Хендон, младший брат погибшего герцога, стоял рядом с Элан. Его серо-голубой костюм с черной отделкой можно было бы назвать воплощением элегантности, если бы не слишком пышные рукава: в них руки Хендона выглядели слишком толстыми, толще ног. Если взоры Мэтта Тинрайта неодолимо приковывала Элан, то у правителя Южного Предела она не вызвала никакого интереса. Хендон Толли не удостоил ее ни единым взглядом или словом и все время шептался с королевой Аниссой, расположившейся по другую сторону от него. Королева впервые после рождения ребенка вышла из своих покоев. Она была бледна, но выглядела довольной и счастливой. Внимание и любезность правителя Южного Предела, несомненно, находили у нее самый радостный отклик.
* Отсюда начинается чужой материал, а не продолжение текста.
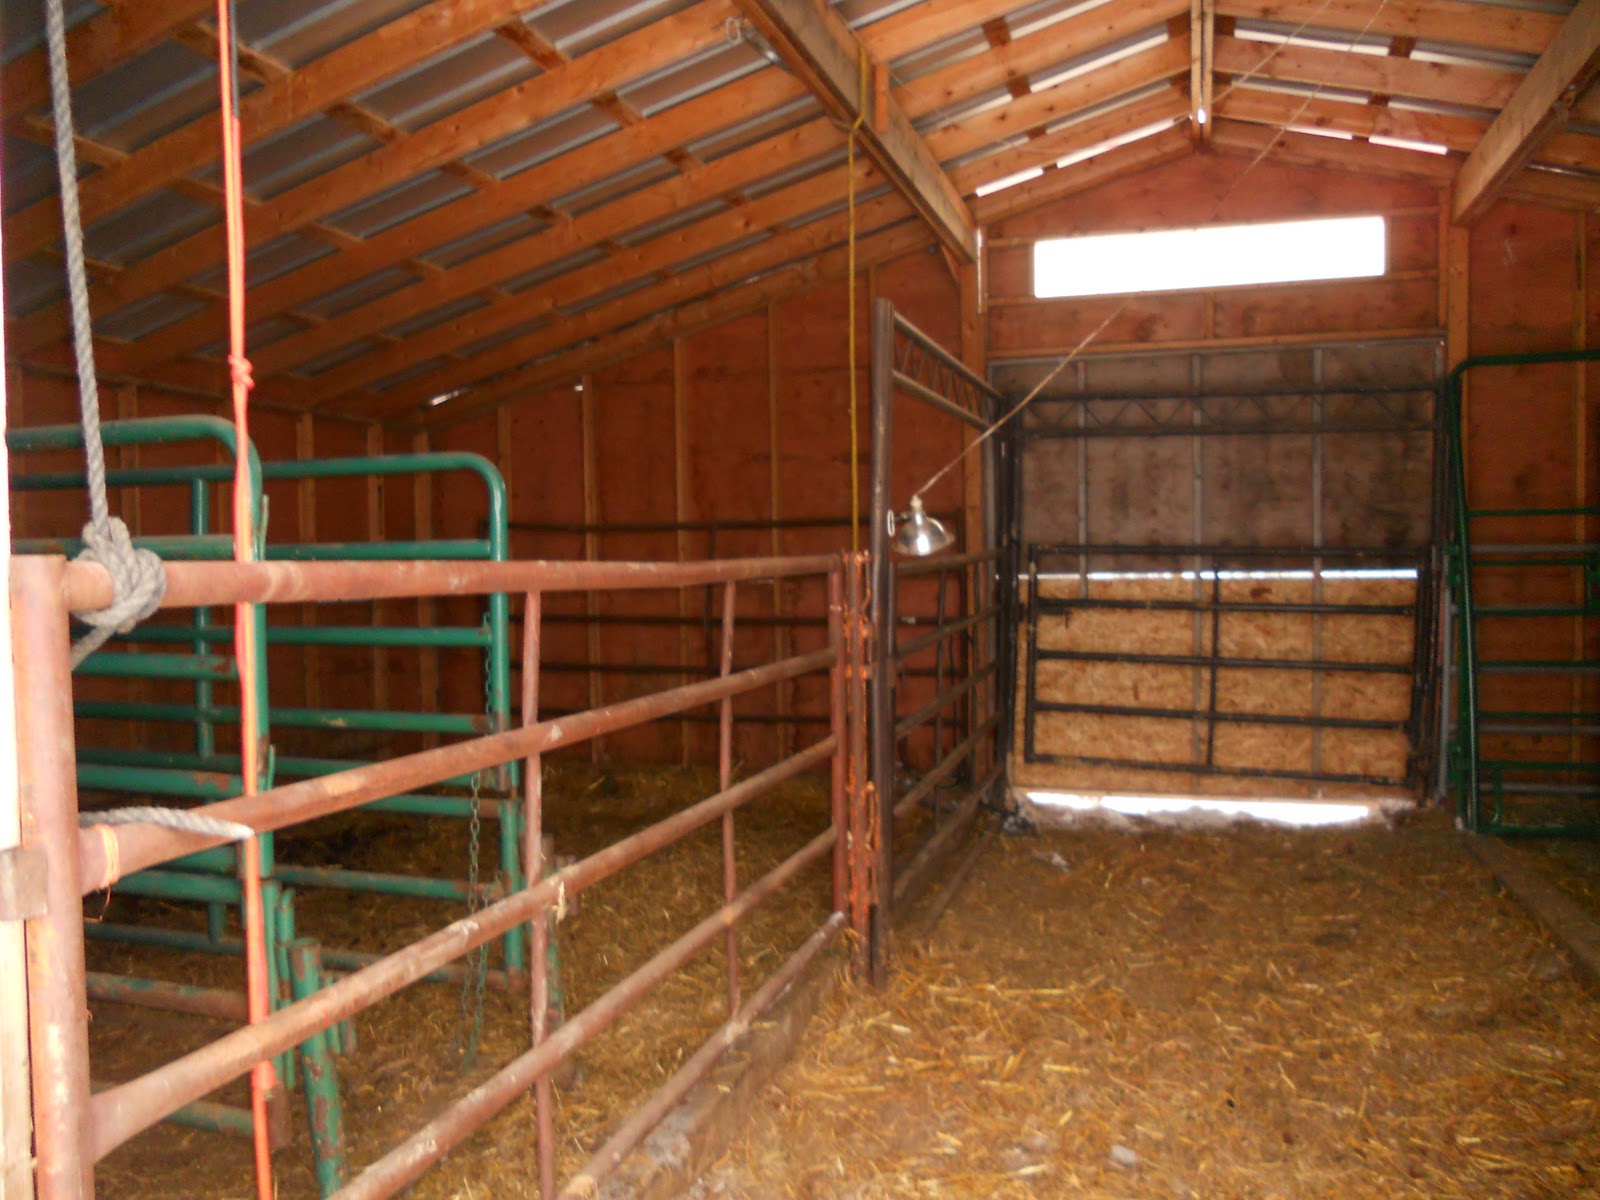 crystal cattle: the calving barn

Рядом с королевой стояла няня, державшая на руках новорожденного принца. Посмотрев на крошечное розовое личико под кружевной оборкой чепчика, Мэтт Тинрайт невольно задумался о том, какая странная судьба у этого малютки. Если бы Олин Алессандрос появился на свет несколько месяцев назад, он стал бы младшим ребенком в большой семье, счастливым отпрыском могущественного и мудрого монарха, в чьем королевстве парят мир и благоденствие. Будущее не сулило бы ему никаких забот и тревог, за исключением тех, что неизменно выпадают на долю сильных мира сего. А сейчас младенец остался на свете почти без защиты: один его брат погиб, другой бесследно исчез, та же участь постигла сестру. Отец, ни разу не видевший сына, томился в плену. Прежде Мэтт Тинрайт и не думал, что можно сочувствовать грудному младенцу, не способному осознать всей тяжести своего положения, но маленький принц Олин пробудил в его душе чувство, весьма похожее на жалость. Воистину это было удивительно. Особенно если учесть, что младенец с рождения обладал всеми благами, о каких Тинрайт страстно мечтал.
Точнее сказать, принц Олин обладал почти всеми благами. Даже отпрыску королевской семьи не дано владеть тем… тем, чего Тинрайт желал сильнее всего. Мысль о том, что его желание никогда не исполнится, пронзила сердце поэта, и он пошатнулся. Сегодня ночью он лишится последней надежды.
Тинрайт украдкой взглянул на Элан. Щеки ее по-прежнему были бледны, глаза потуплены. О, если бы она могла ответить на его чувство! Но, увы, любовь поэта не вызвала в ее душе никакого отклика. Элан М'Кори впустила в свое сердце смерть, а для любви там не осталось места.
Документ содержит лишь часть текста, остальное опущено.